In Reginaldo's system, chickens are completely cage-free and free ranging with access to grasses and sprouts as they are rotated between paddocks. This system significantly reduces the amount of labor involved, compared with other models such as mobile chicken pens. The minute you start moving a shelter for an animal, it becomes a labor-intensive process, and automating water and feeding becomes impossible. Pens are also not a natural habitat for chickens.

If you want more information about this innovative system, please refer to my prior article about poultry-centered regenerative agriculture, which includes my interview with Reginaldo.

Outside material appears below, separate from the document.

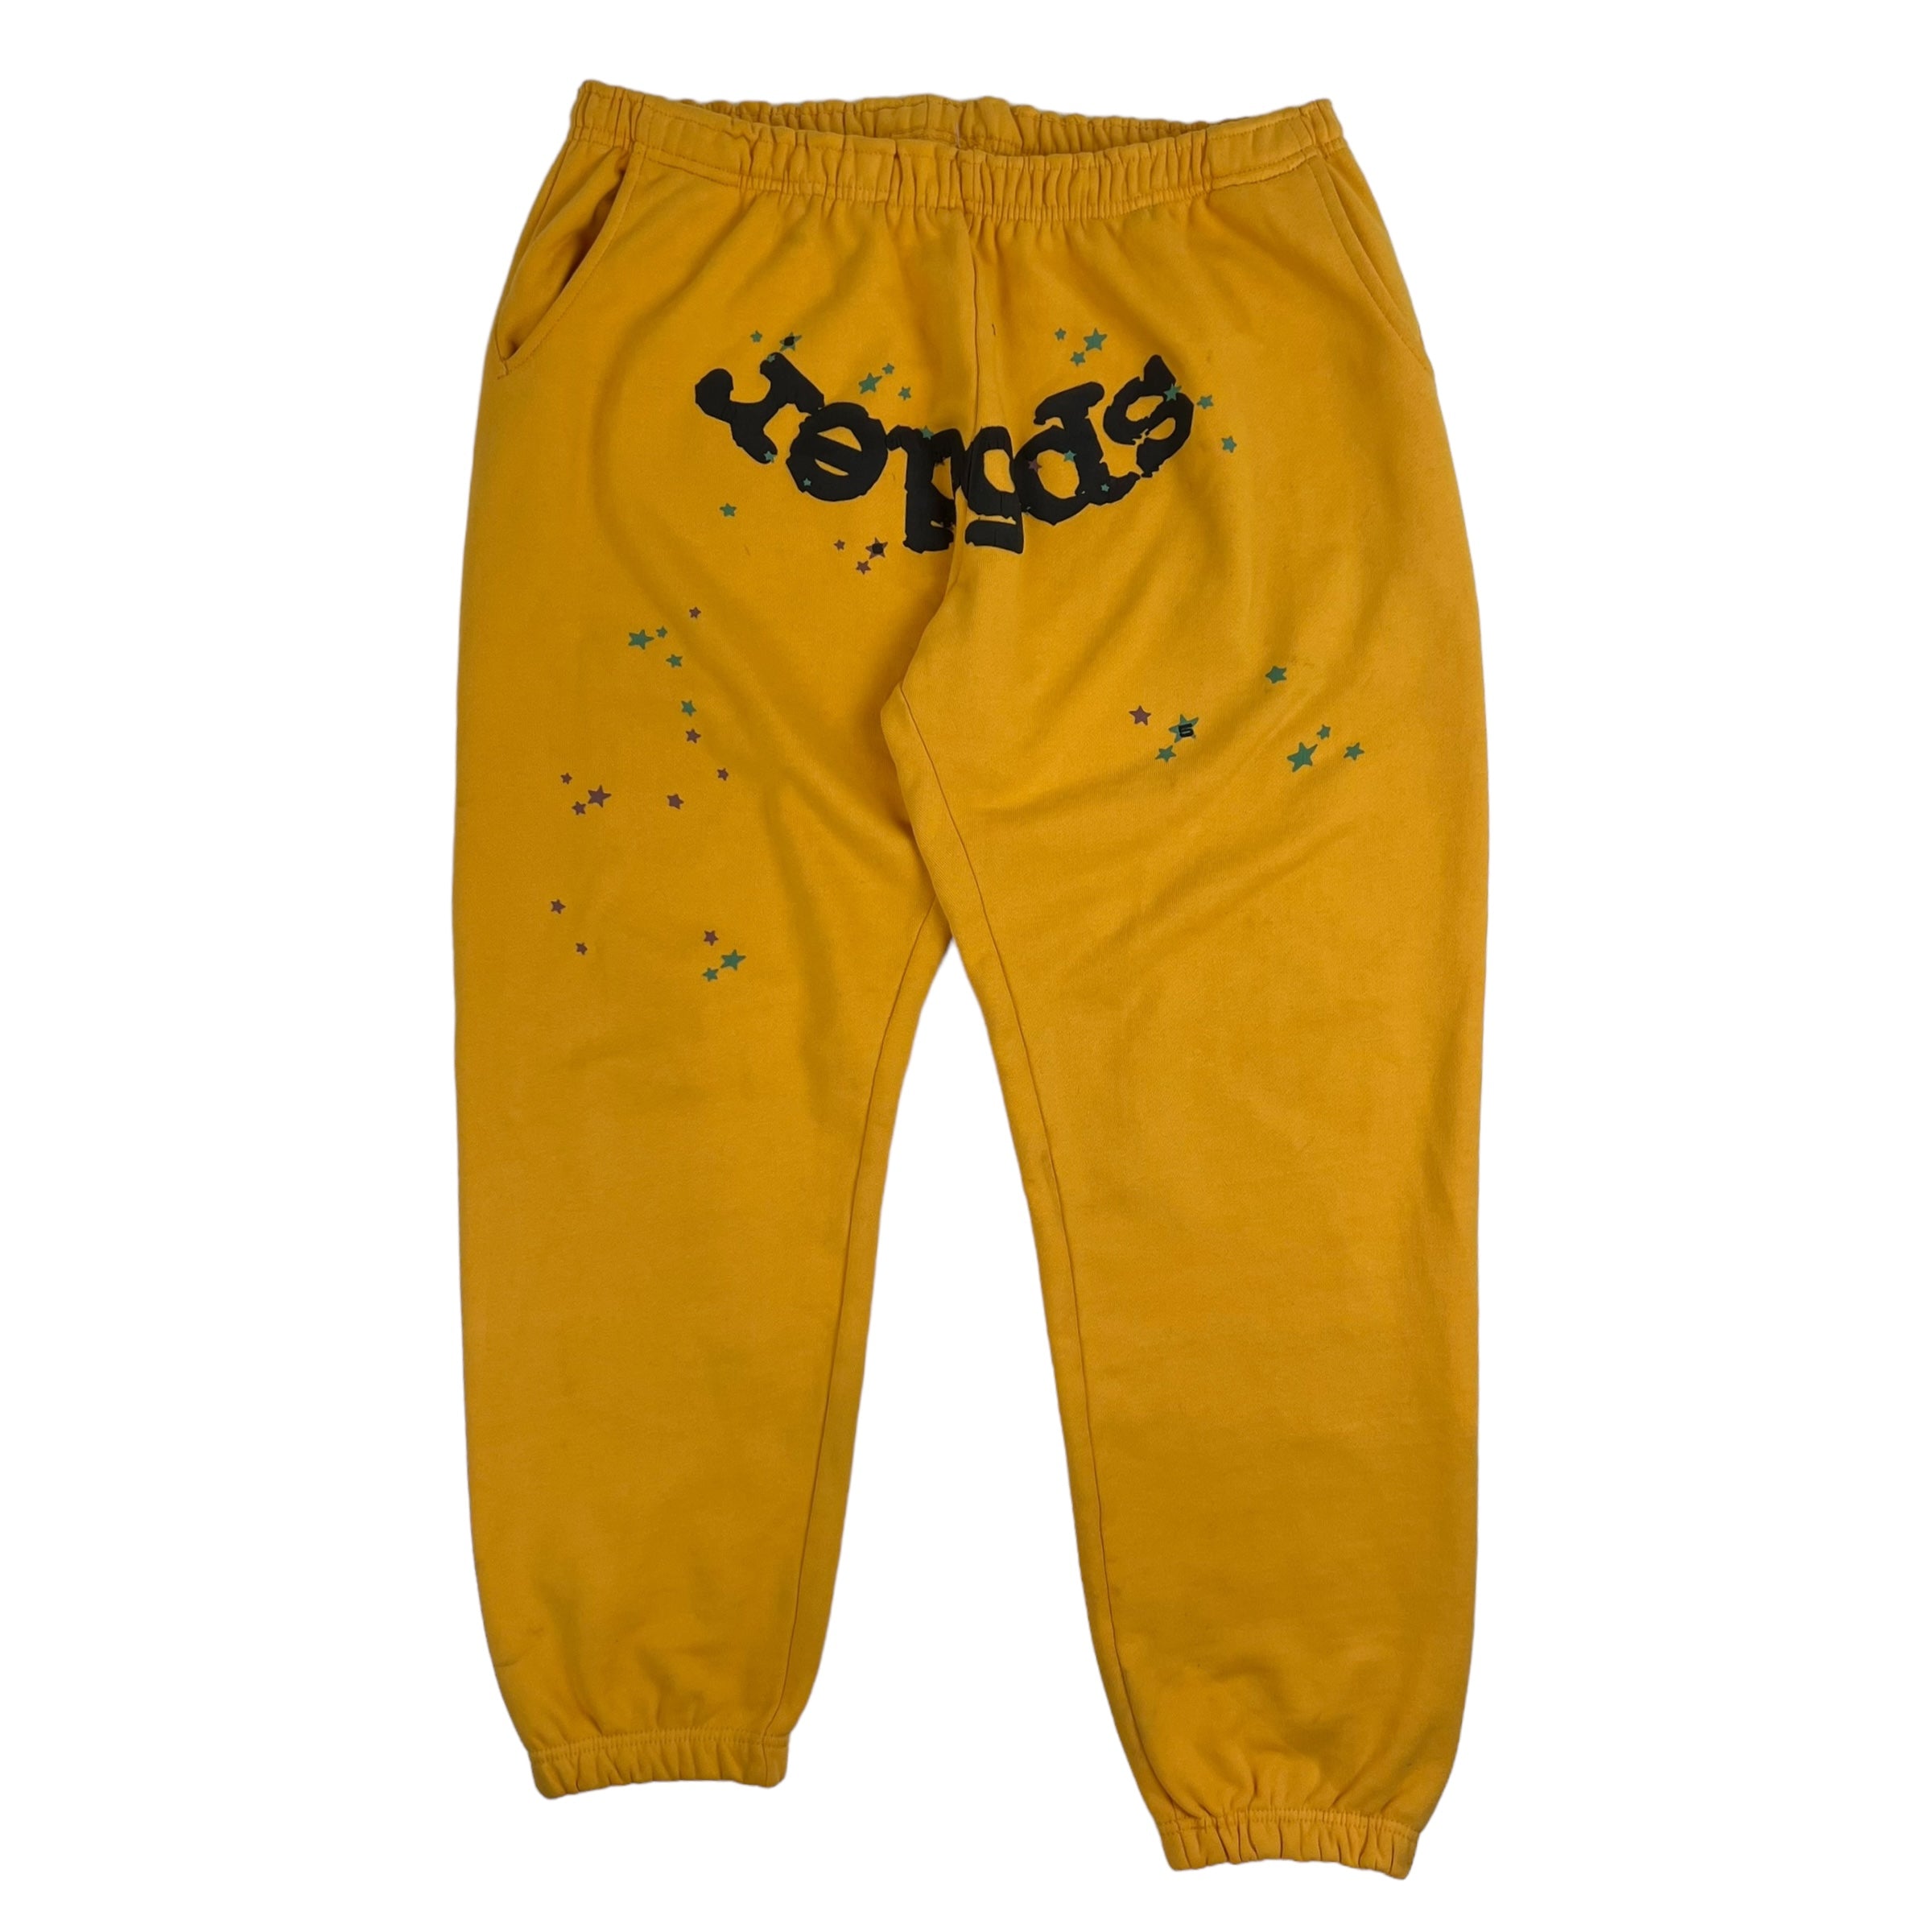 Sp5der Worldwide Sweatpants Yellow - Sp5der Sweatpants

Wood Chips Instead of Compost

Using wood chips as ground cover instead of compost, or to reduce your reliance on compost, is a cost-effective strategy for immensely improving your growing of nutrient-dense food. Building your soil with wood chips helps decrease your dependence on commercial products.

Several months after putting down a deep layer of wood chips, you'll end up with lush fertile soil beneath the chips that will support whatever you choose to grow. Using wood chips has many benefits, from promoting soil fertility and earthworms that create vermicompost, to eliminating the need for irrigation and the use of fertilizer.

Most tree trimming companies will drop a truckload (or more) of wood chips right on your property, for free. You just lay down uncomposted wood chips on top of your garden using whatever is available locally — typically a combination of leaves, twigs, and branches. The chips break down gradually and are digested and redigested by a wide variety of soil organisms, which is exactly what happens in nature.

I have personally put down more than 300,000 pounds of woodchips on my residential property to create a high quality soil. For more information about wood chips, listen to my interview with Paul Gautschi.

These are just a few suggestions about what you can do to move yourself in the direction of a permaculture lifestyle. Regardless of your resources or the size and style of your living space, there are many things you can do to boost your health and happiness while at the same time preserving the viability of our planet.

When it comes to human ingenuity, the sky's the limit, so with some boldness and tenacity, your adventure into the world of permaculture will surely bring health and abundance to your life!